Friends need to split a PDF file, check the Internet found that this PYPDF2 can complete these operations, so the study of the library, and make some records. First PYPDF2 is the Python3 version, and in the previous 2 version there is a corresponding pypdf library.
You can use the PIP to install directly:
Pip Install PYPDF2
Official documents: https://pythonhosted.org/PyPDF2/
There are mainly these categories:
Pdffilereader.
This class mainly provides read operations on PDF files, which are constructed in the following ways:
Pdffilereader (Stream, Strict=true, Warndest=none, Overwritewarnings=true)
The first parameter can be passed in a file stream, or a file path. The following three parameters are used to set the way the warning is handled, using the default directly.
After you get the instance, you can do something with the PDF. The following are the main operations:
Decrypt (password): If the PDF file is encrypted, you can use this method to decrypt it.
Getdocumentinfo (): Retrieves some information about a PDF file. The return value is a documentinformation type, and the direct output will get a message similar to the following:
{'/moddate ': "d:20150310202949-07 '", '/title ': ", '/creator ': ' LaTeX with Hyperref package ', '/creationdate ':" D : 20150310202949-07 ', '/ptex. Fullbanner ': ' Is pdfTeX, version 3.14159265-2.6-1.40.15 (TeX Live 2014/macports 2014_6) Kpathsea version 6.2.0 ', '/PR Oducer ': ' pdfTeX-1.40.15 ', '/keywords ': ", '/trapped ': '/false ', '/author ':", '/subject ': "}
Getnumpages (): This will be the number of pages in the PDF file.
GetPage (pagenumber): The Page object that will get the corresponding pagenumber number of pages in the PDF file, and the return value is PageObject instance. After the PageObject instance is obtained, it can be added, inserted and so on.
Getpagenumber (page): In contrast to the above method, you can pass in the PageObject instance and get the first page of the PDF file.
Getoutlines (Node=none, Outlines=none): Retrieves the document outline that appears in the document.
isencrypted: Log whether the PDF is encrypted. If the file itself is encrypted, it returns true even after using the decryption decrypt method.
The total number of pages in the Numpages:pdf is equivalent to accessing the read-only property of Getnumpages ().
Pdffilewriter.
This class supports writing to a PDF file, usually by using Pdffilereader to read some PDF data, and then doing something with that class.
You do not need parameters to create an instance of this class.
The main methods are as follows:
AddAttachment (fname, Fdata): Add files to the PDF.
Addblankpage (Width=none, Height=none): Add a blank page to the PDF and at the end, use the size of the last page of the current weiter if you do not specify a size.
AddPage (page): Add page to PDF, usually this page is obtained by the above reader.
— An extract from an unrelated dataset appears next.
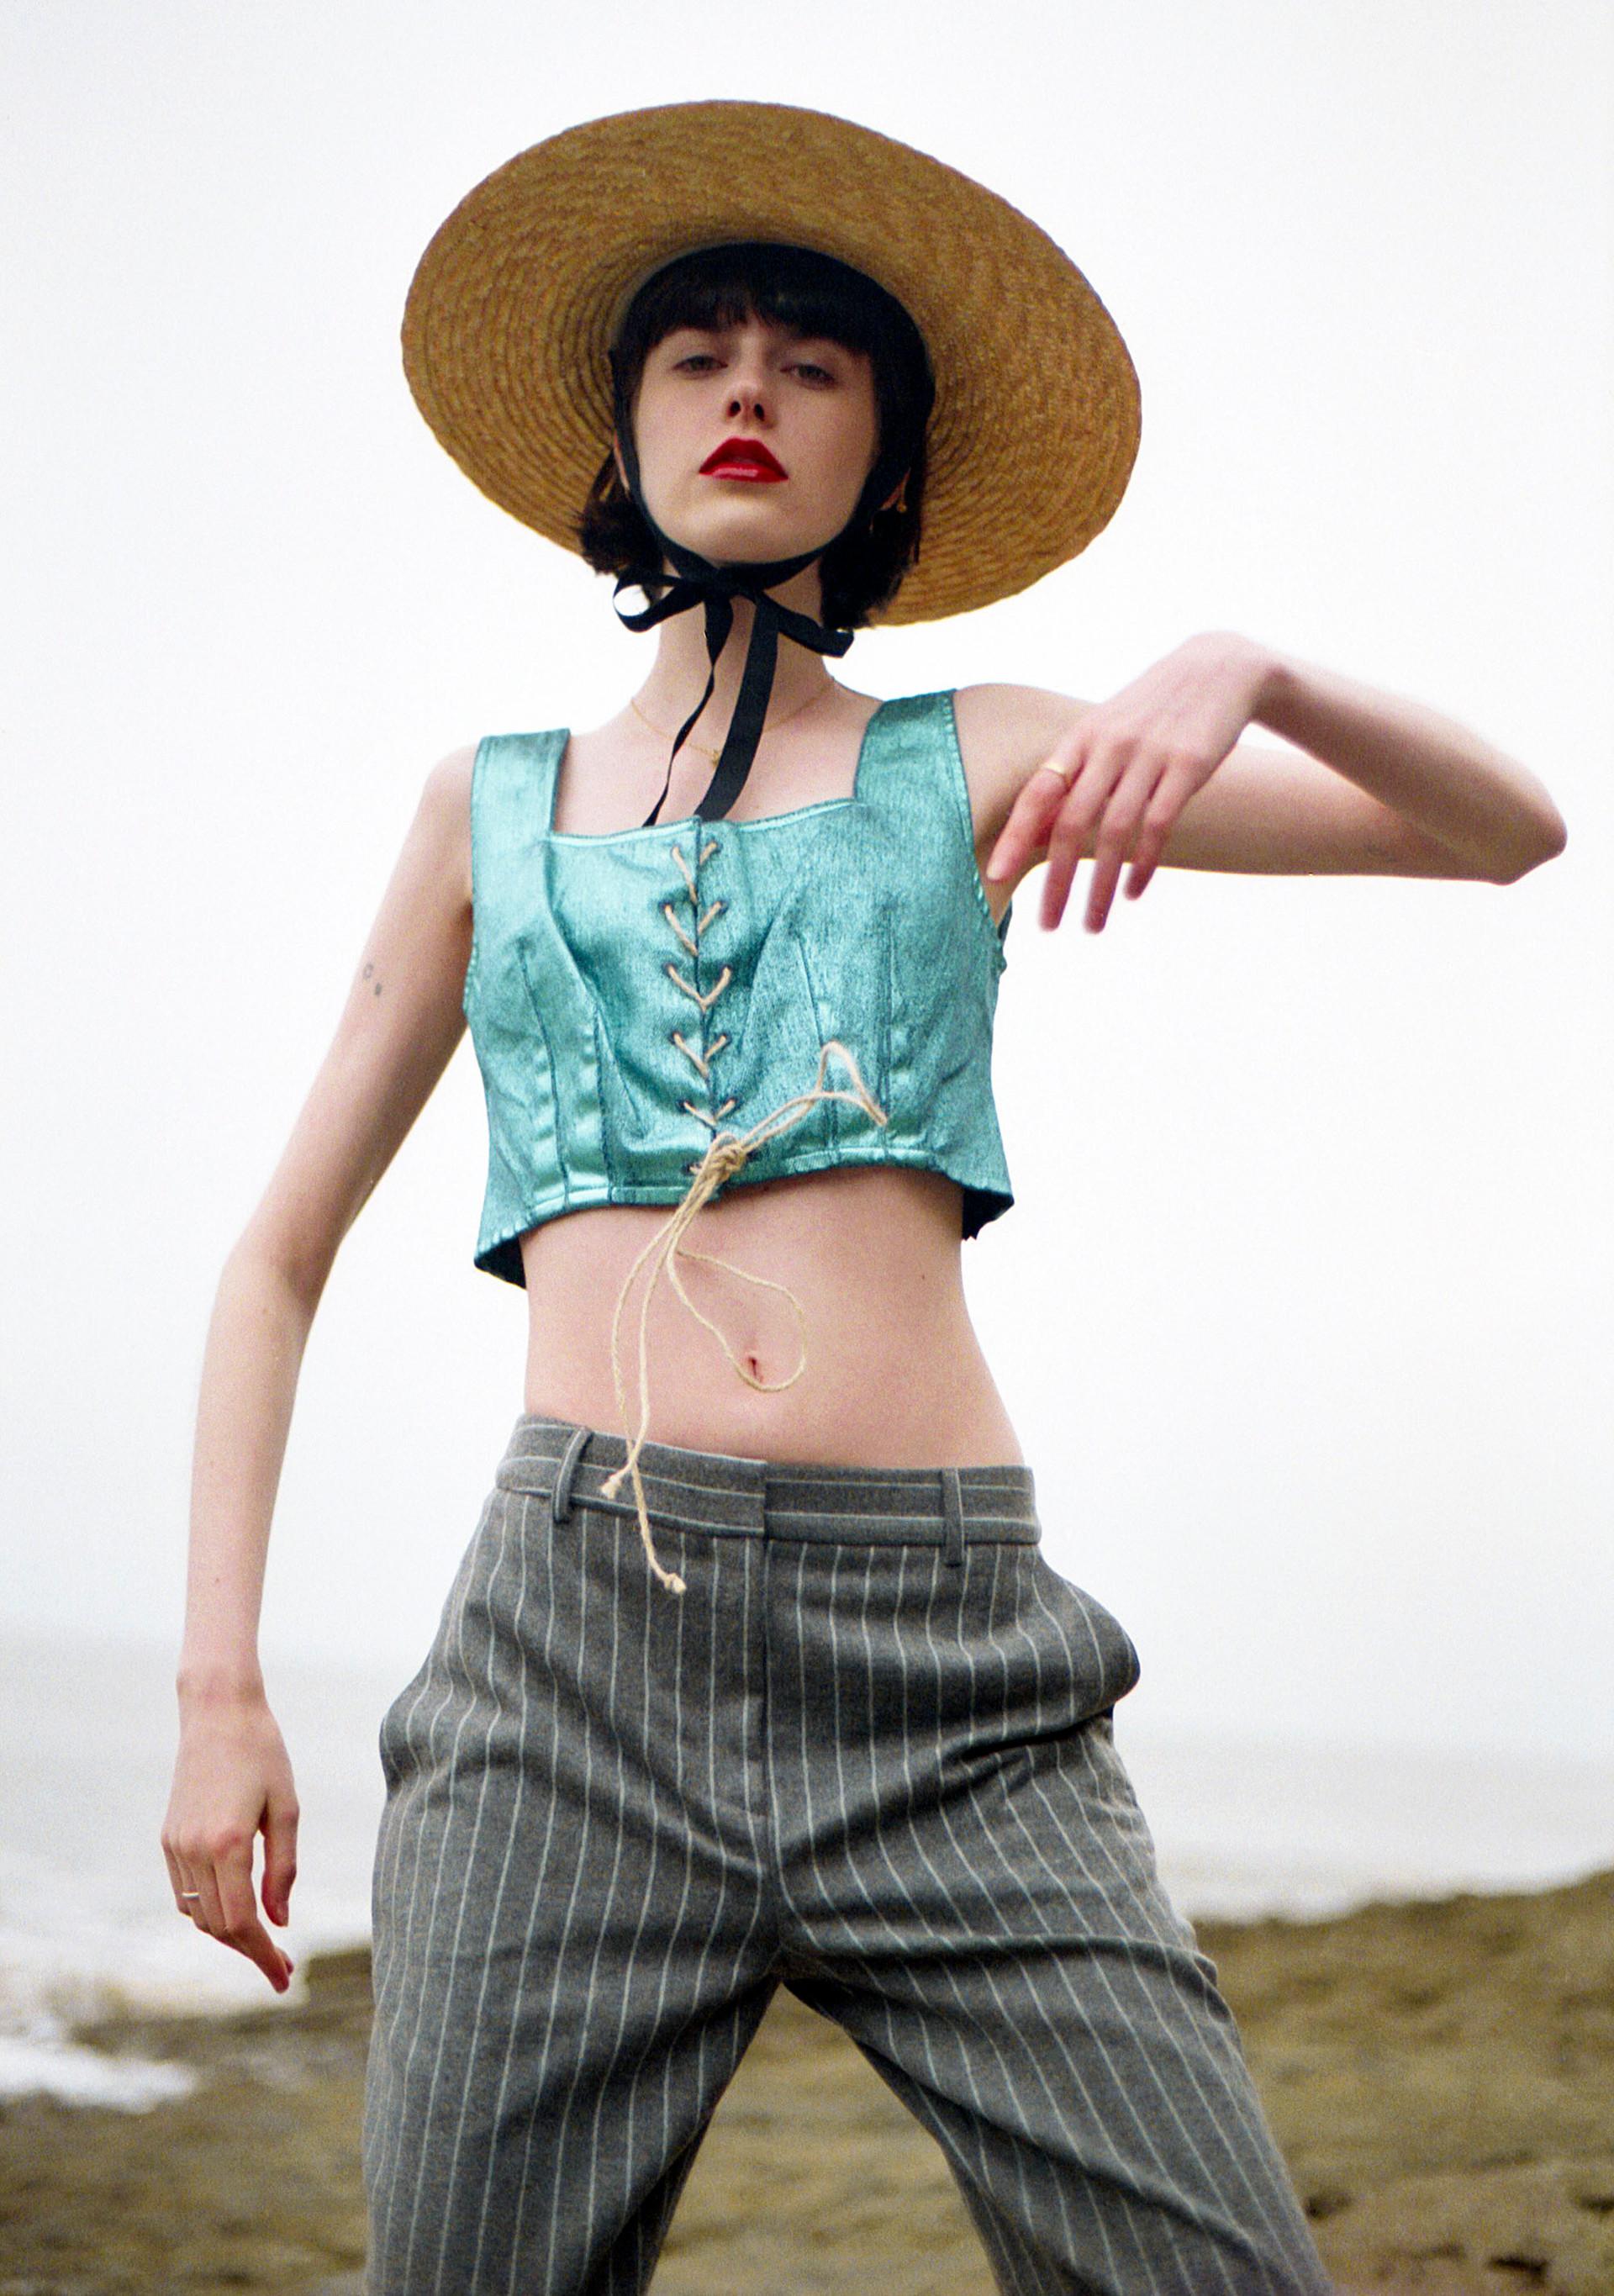 Charlotte O'Shea

Appendpagesfromreader (Reader, After_page_append=none): Copies the data in reader to the current writer instance, and if After_page_append is specified, Finally, the function is returned and the data in the writer is passed in.
Encrypt (User_pwd, Owner_pwd=none, use_128bit=true): Encrypt the PDF, where the official says that USERPWD allows the user to open a PDF file with some restricted permission, which means there may be some restrictions on the use of the password. , but I didn't find the content to set permissions in the document. Ownerpwd, however, allows users unrestricted use. The third parameter is whether to use 128-bit encryption.
Getnumpages (): Get PDF pages.
GetPage (pagenumber): page with the corresponding number of pages, is a PageObject object, you can use the AddPage method above to add the page.
Insertpage (page, index=0): Adds a page to the PDF, where index specifies the position to be inserted.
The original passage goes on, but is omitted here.